» Exercise details
From the entries below, return exactly the lines beginning at the one that contains "clinica 40 imss" and ending at the one that contains "Vitamin b7 fotografías", both of them included, and only those lines.

[Records excerpted from a collection]
*** Begin section ***

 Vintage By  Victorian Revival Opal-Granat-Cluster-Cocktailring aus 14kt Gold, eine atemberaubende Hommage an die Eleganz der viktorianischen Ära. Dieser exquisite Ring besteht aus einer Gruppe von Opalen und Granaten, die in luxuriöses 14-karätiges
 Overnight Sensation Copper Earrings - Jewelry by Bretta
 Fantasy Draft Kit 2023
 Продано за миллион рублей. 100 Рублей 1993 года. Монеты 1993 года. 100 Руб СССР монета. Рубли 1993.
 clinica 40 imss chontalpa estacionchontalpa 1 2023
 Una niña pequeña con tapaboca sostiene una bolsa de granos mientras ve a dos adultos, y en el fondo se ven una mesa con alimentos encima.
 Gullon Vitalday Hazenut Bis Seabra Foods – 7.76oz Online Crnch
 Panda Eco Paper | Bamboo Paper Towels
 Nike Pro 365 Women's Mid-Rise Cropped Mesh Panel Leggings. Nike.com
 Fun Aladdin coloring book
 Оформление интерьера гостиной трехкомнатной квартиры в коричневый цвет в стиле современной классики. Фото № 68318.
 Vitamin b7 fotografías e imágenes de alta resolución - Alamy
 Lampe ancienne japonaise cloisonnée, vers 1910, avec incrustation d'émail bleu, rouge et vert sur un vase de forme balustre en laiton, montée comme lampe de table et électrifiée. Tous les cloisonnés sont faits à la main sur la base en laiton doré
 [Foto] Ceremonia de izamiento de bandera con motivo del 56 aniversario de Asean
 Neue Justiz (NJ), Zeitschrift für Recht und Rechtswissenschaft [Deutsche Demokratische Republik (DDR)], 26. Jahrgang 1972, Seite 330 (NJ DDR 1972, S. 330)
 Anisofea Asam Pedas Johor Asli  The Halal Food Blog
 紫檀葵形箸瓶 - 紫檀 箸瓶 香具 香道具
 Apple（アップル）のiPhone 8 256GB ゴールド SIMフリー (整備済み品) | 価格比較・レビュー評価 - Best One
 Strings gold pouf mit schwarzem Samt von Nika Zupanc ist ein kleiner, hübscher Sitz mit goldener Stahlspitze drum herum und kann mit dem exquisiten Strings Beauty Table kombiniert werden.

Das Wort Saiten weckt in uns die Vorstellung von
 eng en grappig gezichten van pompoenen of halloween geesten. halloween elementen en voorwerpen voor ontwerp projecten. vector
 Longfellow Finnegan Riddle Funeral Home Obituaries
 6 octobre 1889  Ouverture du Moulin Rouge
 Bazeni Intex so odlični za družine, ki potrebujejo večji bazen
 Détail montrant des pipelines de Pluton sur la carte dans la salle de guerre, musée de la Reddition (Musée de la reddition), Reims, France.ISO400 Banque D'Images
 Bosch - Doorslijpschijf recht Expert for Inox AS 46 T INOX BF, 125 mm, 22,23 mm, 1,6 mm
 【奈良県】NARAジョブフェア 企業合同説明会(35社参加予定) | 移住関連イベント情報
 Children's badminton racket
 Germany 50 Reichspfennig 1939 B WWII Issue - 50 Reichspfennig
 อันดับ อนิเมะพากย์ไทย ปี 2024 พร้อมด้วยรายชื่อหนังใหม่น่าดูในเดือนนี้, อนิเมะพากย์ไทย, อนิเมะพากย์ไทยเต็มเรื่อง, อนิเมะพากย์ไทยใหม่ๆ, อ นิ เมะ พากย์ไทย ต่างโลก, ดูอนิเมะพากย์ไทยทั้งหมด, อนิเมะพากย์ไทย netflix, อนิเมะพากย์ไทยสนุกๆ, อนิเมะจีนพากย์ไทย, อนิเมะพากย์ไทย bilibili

*** End section ***

» Answer to this exercise
 clinica 40 imss chontalpa estacionchontalpa 1 2023
 Una niña pequeña con tapaboca sostiene una bolsa de granos mientras ve a dos adultos, y en el fondo se ven una mesa con alimentos encima.
 Gullon Vitalday Hazenut Bis Seabra Foods – 7.76oz Online Crnch
 Panda Eco Paper | Bamboo Paper Towels
 Nike Pro 365 Women's Mid-Rise Cropped Mesh Panel Leggings. Nike.com
 Fun Aladdin coloring book
 Оформление интерьера гостиной трехкомнатной квартиры в коричневый цвет в стиле современной классики. Фото № 68318.
 Vitamin b7 fotografías e imágenes de alta resolución - Alamy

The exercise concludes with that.